The May Over The Edge Writers’ Gathering presents an exciting variety of poetry, including the launch of Aoife Reilly’s debut poetry collection.  There will also be readings by the winners of this year’s Poems for Patience competition, Lorna Shaughnessy and Marie Cadden, and American poets Ron Houchin and Art Stringer. The event will take place at The Kitchen @ The Museum, Spanish Arch, Galway on Friday, May 12th, 8pm. All are welcome. There is no cover charge.
Aoife Reilly
Aoife Reilly is originally from Laois, but has been living in Galway since 2012. She works as a psychotherapist and teacher and has been attending Kevin Higgins’s poetry workshops at Galway Arts Centre since Autumn 2013. Aoife’s poetry has been published in Crannóg, Skylight 47, on the Poethead website, and in a wide variety of other poetry magazines recently. Aoife was a Featured Reader at the August 2015 Over The Edge: Open Reading and was also selected to read at the 2016 Cúirt Festival / Over The Edge New Writers’ Showcase. Her debut poetry collection Lilac and Gooseberries is just published by Lapwing Press.



Art Stringer is the author of the poetry collections Channel Markers (Wesleyan University Press), Human Costume (Salmon Poetry) and Late Breaking, also published by Salmon. His work has appeared in such journals as The Nation, Antaeus, The Ohio Review, Denver Quarterly, Prairie Schooner, Shenandoah, Poetry Northwest, and in Backcountry: Contemporary Writing in West Virginia.  He also edited and introduced an edition of Louise McNeill’s Paradox Hill (West Virginia University Press). For twenty-five years, he taught writing and literature at Marshall University. Art will be reading from his new poetry collection which is just published by Salmon Poetry.

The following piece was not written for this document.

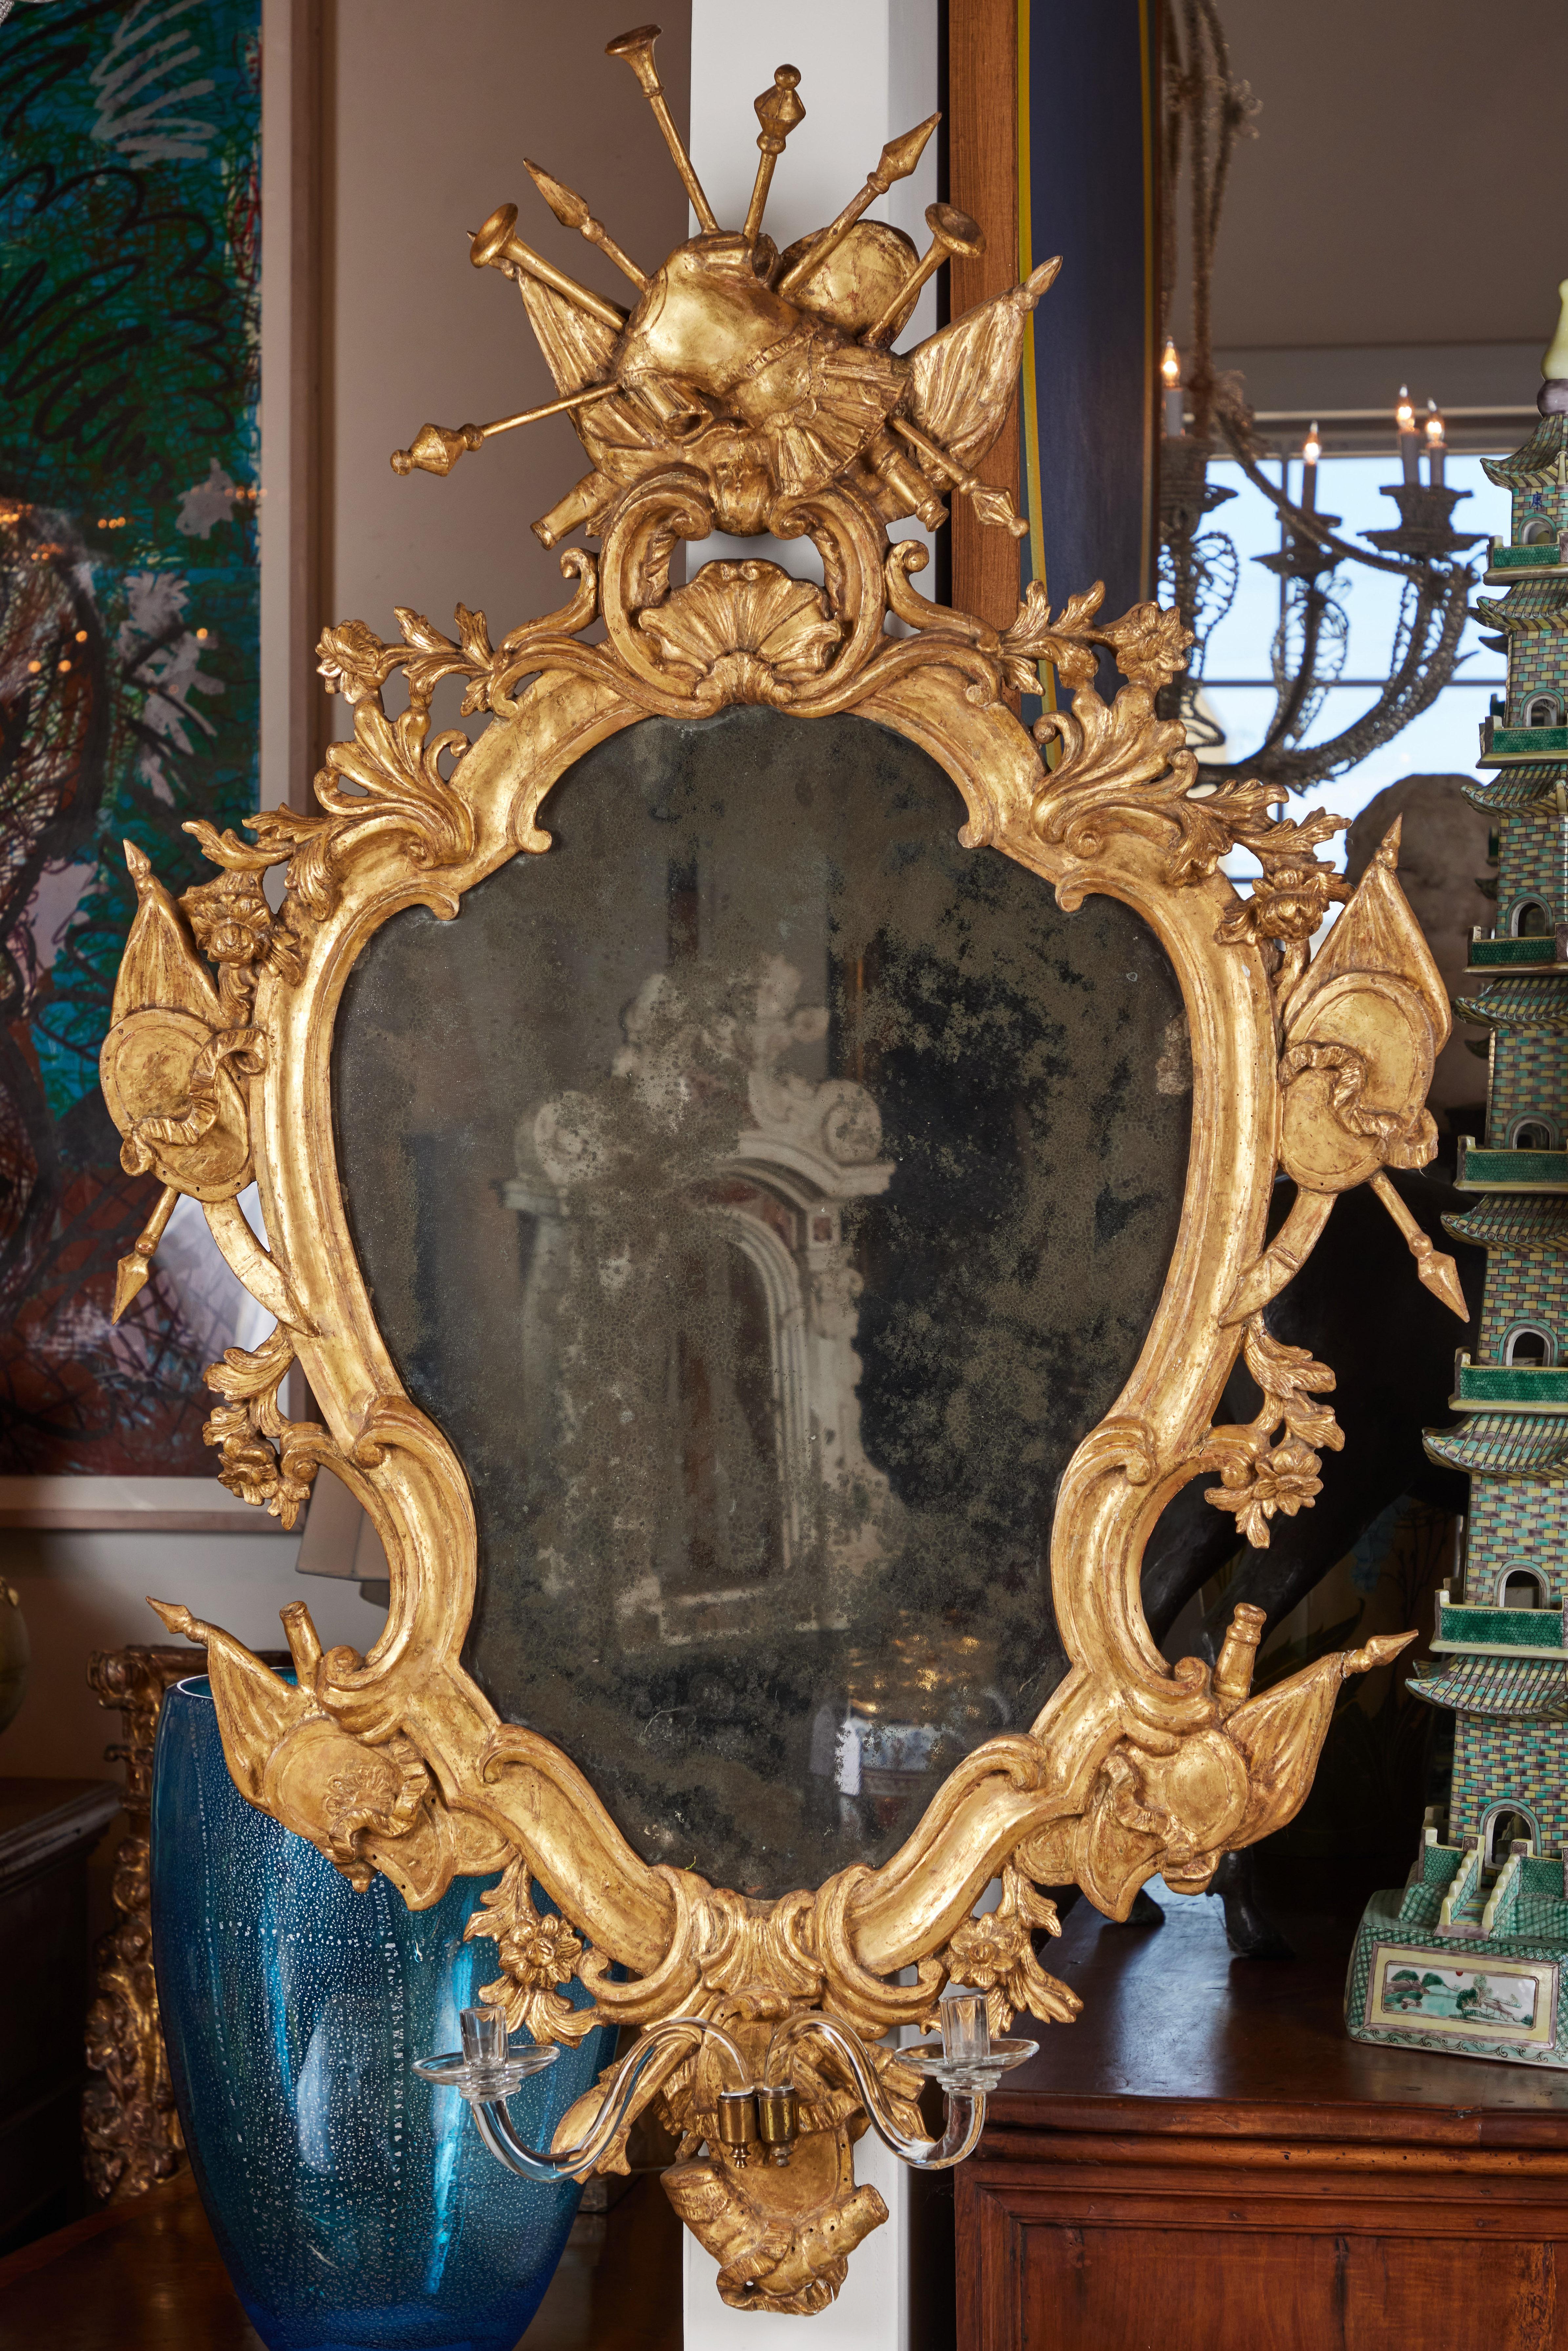 Paire de miroirs vénitiens de grande taille, entièrement originaux, sculptés à la main, gessés et dorés à l'or fin 22 carats, en forme d'écusson, présentant des reliefs feuillus, des drapeaux et des couronnes dramatiques composées d'armures de

Lorna Shaughnessy was born in Belfast and lives in Co. Galway, Ireland. She has published three poetry collections, Torching the Brown River, Witness Trees, & Anchored (Salmon, 2008, 2011, & 2015), and her work was selected for the Forward Book of Poetry, 2009. She is also a translator of Spanish and South American Poetry. Her most recent translation was of poetry by Galician writer Manuel Rivas, The Disappearance of Snow (Shearsman Press, 2012), which was shortlisted for the UK Poetry Society’s 2013 Popescu Prize for translation. She lectures in Spanish and Creative Writing in NUI, Galway. Lorna is the joint winner of this year’s Poems for Patience competition for her poem ‘The Dual Citizen’ which is now framed and displayed in University Hospital Galway.



Ron Houchin was born in San Diego, California, and raised from the age of three in Huntington, West Virginia.  He comes from a family of factory workers, coal miners, and farmers who have always lived in Appalachia. For thirty years he taught in an Ohio public school in the southernmost tip of Ohio. The Quiet Jars, a new and selected poetry collection, was published in 2013 by Salmon Publishing and a short story collection, Tales Out Of School, was published, also in 2013, from Wind Publications of Kentucky. Ron lives in a haunted house, built by the grandson of an ex-slave, on the banks of the Ohio River. He will be reading from his latest poetry collection which is just published by Salmon Poetry.



Marie Cadden lives in Spiddal, Co. Galway. Her acclaimed debut poetry collection Gynaecologist in The Jacuzzi was published last year by Salmon Poetry. Winner of the Cuirt 2011 New Writing Prize for Poetry,  Runner-Up 2012 Westport Arts Festival Poetry Prize,  Third Prize 2012 Francis Ledwidge Poetry Competition.   Shortlisted for Desmond O'Grady Poetry Competition 2012, Bradshaw Books/Cork Literary Review Manuscript Competition 2011, Over the Edge New Writer of the Year Award 2010. Her poems have been published in The Recorder (USA), THE SHOp, ROPES, Revival, Boyne Berries, and the anthologies Mosaic (2011), and Lady Gregory's Townhouse (2009). A co-editor of “Ireland’s most interesting poetry magazine” Skylight 47, Marie is the joint winner of this year’s Poems for Patience competition for her poem ‘In Praise of Denial’ which is now framed and displayed in University Hospital Galway.                       



Over The Edge acknowledges the ongoing financial support of the Arts Council, Poetry Ireland, and Galway City Council.